In a thread of execution other than main(), what is useful yet safe behavior if no matching exception handler is found after an exception is thrown?

Users of the Boost threading library, which does not currently do anything special with exceptions, have asked time-and-time again that the exception to be caught by the thread library mechanism and saved, and then re-thrown by the thread object's join() function or equivalent.

Discussion

Within a thread of execution, an exception will presumably cause a search for an exception handler as in any C++ program. Absent any thread library support for exception propagation, if no matching exception handler is found within the thread of execution, then std::terminate() will be called (15.3/9).

But just as in single-thread programs, it is highly desirable that exceptions propagate from a function to its caller. Because a thread's processing function is in a different thread of execution from its joining function doesn't change that. If exceptions do not propagate out of a thread of execution to its joining function, programmers are forced to construct ad hoc error recovery techniques of the worst kind, such as catching exceptions themselves and converting them to error codes (which are too often ignored by the joiner, with disastrous effects).

Requirements

  1. An exception is never ignored; if no handler is found, if the thread of execution is never joined, or if the thread of execution is detached, std::terminate() is called.

Desirable, but not absolute requirements

  1. The exact exception type is propagated and the exact type can be caught without slicing. See example program, and note that catch #1 is desired to work.  The proposed library solution does achieve this.
  2. Works for both Standard Library and user-declared types. The proposed library solution does achieve this.
  3. Works for all types, with no need for a common base class or special exception launcher. Only a core language solution can achieve this.

Interaction with other proposals

Proposals dealing with a C++ memory model that supports multi-threading will presumable change 15.3, Handling an exception, paragraph 9 as indicated:

If no matching handler is found in a program the current thread of execution, the function std::terminate() is called; whether or not the stack is unwound before this call to std::terminate() is implementation-defined (15.5.1).

Part One: Proposed changes

Add  a class thread_exception_error derived from std::_runtime_error, details to be supplied.

To the launcher function, add:

Effects: If an exception is thrown by the thread function, and the thread has not been detached, the exception is caught and saved (see join and destructor). Otherwise, std::terminate() is called.
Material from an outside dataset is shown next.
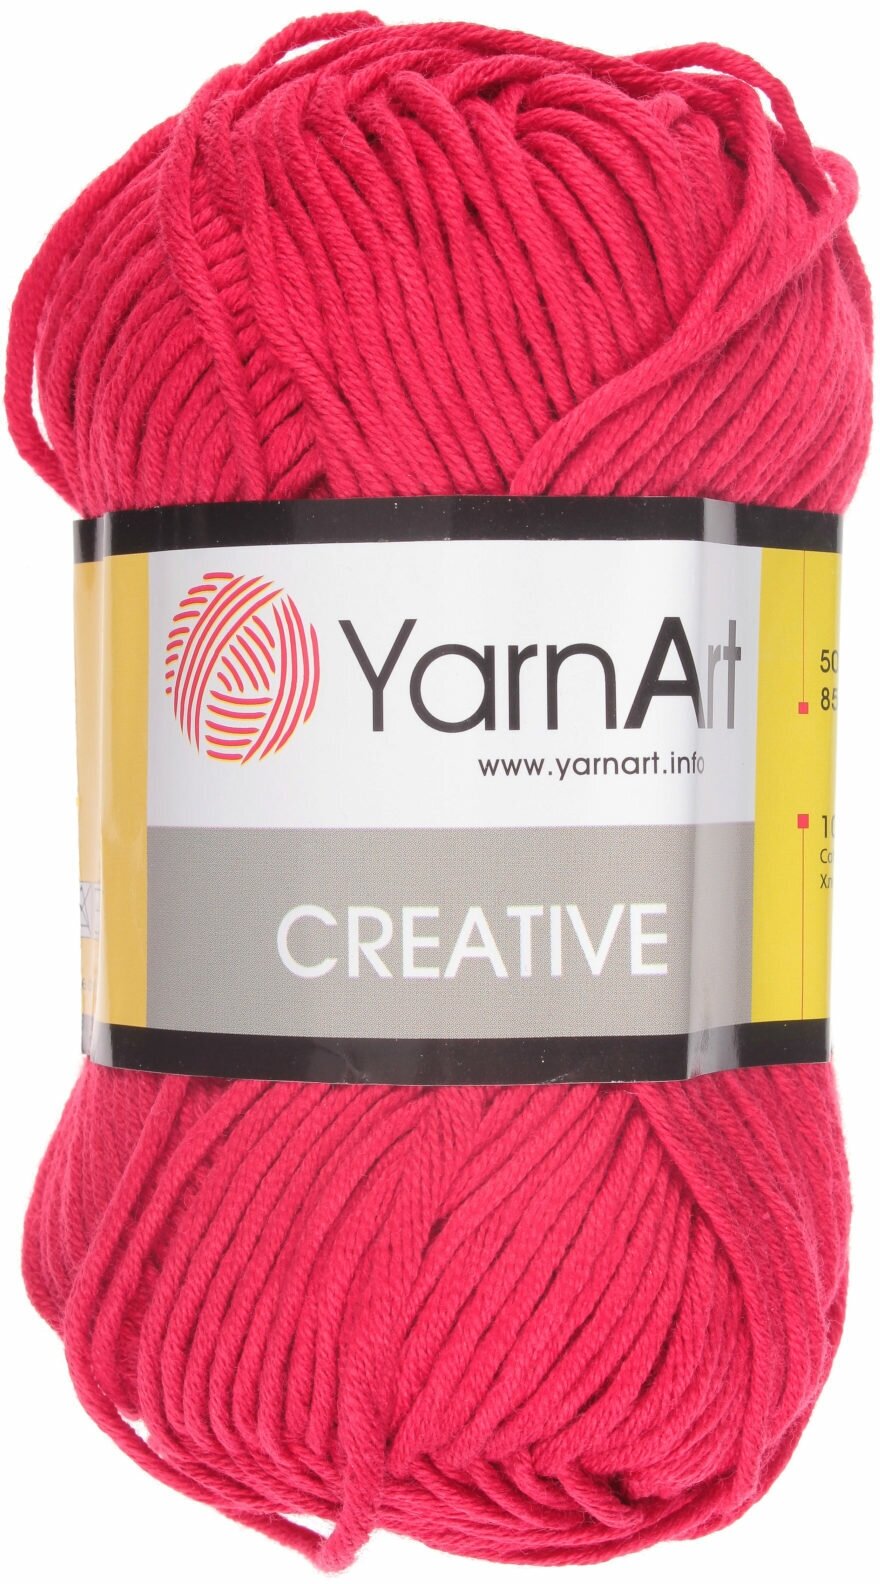 Пряжа YarnArt Creative красный (237), 100%хлопок, 85м, 50г, 1шт

To the join function, add:

Throws: If an exception from the thread function has occurred:

To the thread destructor, add:

Effects: If the thread object's thread-of-execution ended with an uncaught exception and the join function has not been called, call std::terminate().

Open Issues


Part Two: Exception propagation mixin

Implementation of exception propagation requires two actions not directly supported by the C++03 exception handling mechanism:

There are three known approaches:

  1. Language changes to allow cloning and throwing objects knowing only their base class.
     
  2. A library based approach, requiring exceptions that may be propagated according to their dynamic type be cloned and thrown by a special library-supplied mechanism.
     
  3. A library based approach, requiring exceptions that may be propagated according to their dynamic type be derived from a special library-supplied mixin base class.

The question of a core language approach versus a library approach was considered at the Redmond ad hoc threads meeting in August, 2006. There was consensus for going forward with both core language support and library support. If core language support is accepted, the library approach may still be of some value for C++03 compilers, and any cases not covered by core language support.
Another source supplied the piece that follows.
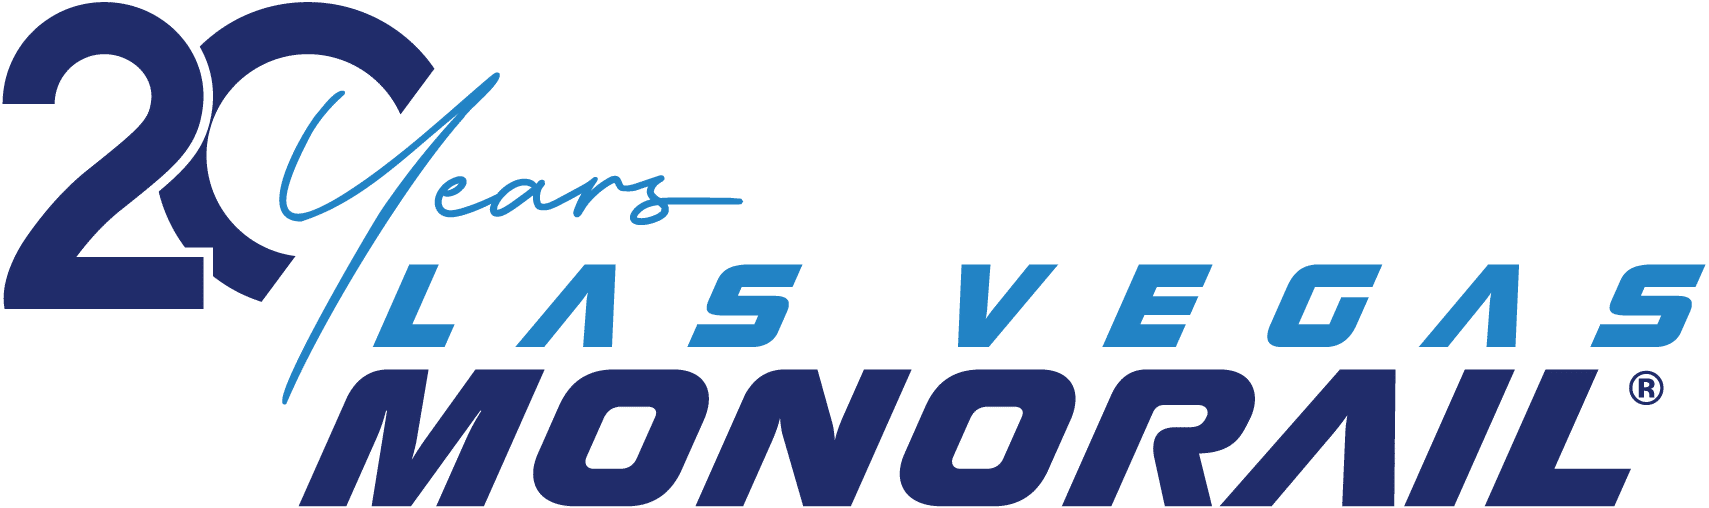 Las Vegas Monorail logo in white

This proposal relies on a library solution to achieve the desired "join re-throws" behavior.

Part Two: Proposed changes

To a header to be decided, add:

namespace std
{
  namespace tr2
  {
    class cloneable
    {
    public:
      virtual cloneable *  clone_self() const;
      virtual void         throw_self() const;
      virtual ~cloneable();
    };
  }
}

Class cloneable

Class cloneable provides a mixin base class for objects that need to clone themselves or throw themselves.

virtual cloneable * clone_self() const;

Returns: new cloneable(*this)

virtual void throw_self() const;

Throws: *this

Rationale for mixin approach

Users will need to write catch clauses for specific exception classes, both Standard Library and user-defined. To implement this behavior, it must be possible save and re-throw exceptions without knowing anything more than their base class. The clone_self and throw_self functions make this possible. Using a mixin base class allows degraded functionality even when the version of the Standard Library used does not itself use the mixin. It also works for user-defined exception types no derived from std::exception.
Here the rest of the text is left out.